On a national or continental grid, energy that is imported or generated in 'dispatchable' plants is more likely to be used to replace renewable sources when they are not available. This back-up combination of power stations and the grid therefore serves to guarantee supplies and its cost should be reflected in the total cost of renewable energies.

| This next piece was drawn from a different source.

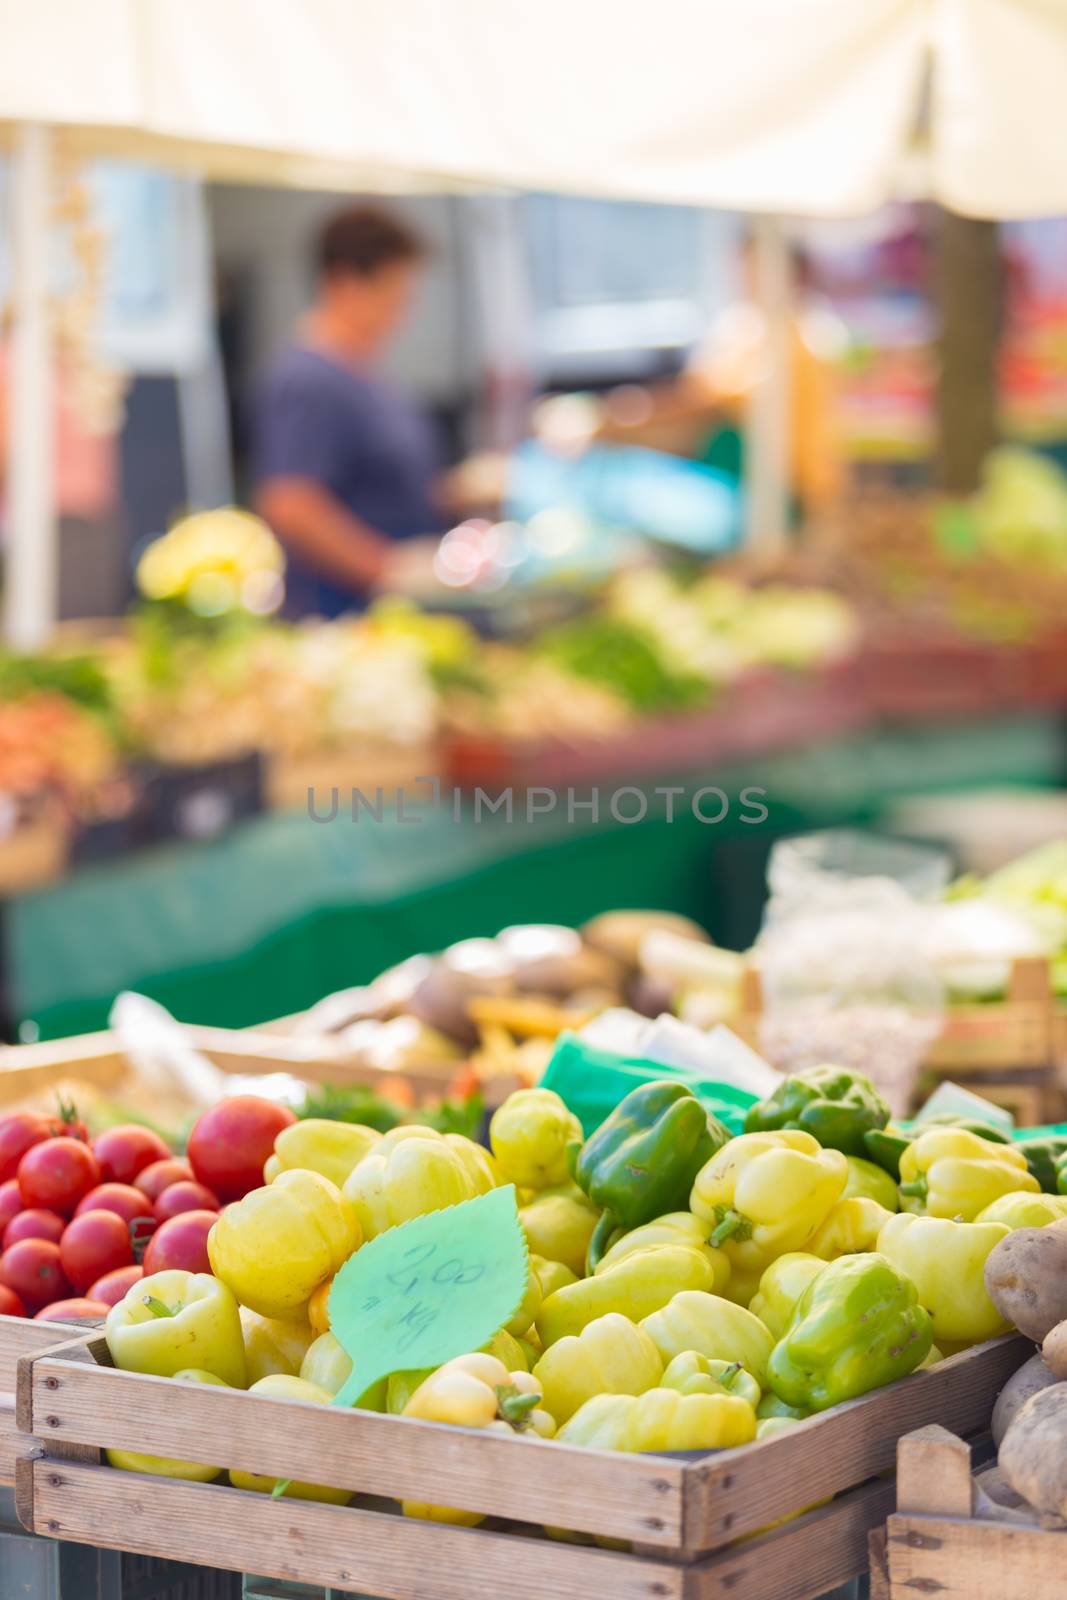 Farmers' market stall. by kasto

Profitability of intermittent energies

If the LCOE reflected the real costs of intermittent energies, it would no longer be necessary to subsidize them. Thanks to their low cost, they would replace other sources of energy on wholesale markets and supply contracts, and would make a profit. And yet, in 2018, the Contribution to the Public Electricity Service paid by the French consumer (€22.5 / MWh) will finance subsidies to renewables, paying €2.9 billion to the producers of photovoltaic power and €1.5 billion to the owners of wind farms.[6] This is because for wind and solar there is no economic calculation that would allow the operators to pocket the high prices for energy at times of peak demand. Sometimes, however, their output falls at just the right time. This is the case in the southern states of the USA, where the demand for electricity is at a maximum in the summer months for air-conditioning when the sun produces the most, which generates good revenues for solar PV operators. But in the European Union peak demand for electricity is in the winter, when the sun sets. And PV panels generate the most in summer, whereas demand from holidaymakers is low. The poor timing for these sales does not generate enough revenue for renewable energies to be able to forego subsidies.[7]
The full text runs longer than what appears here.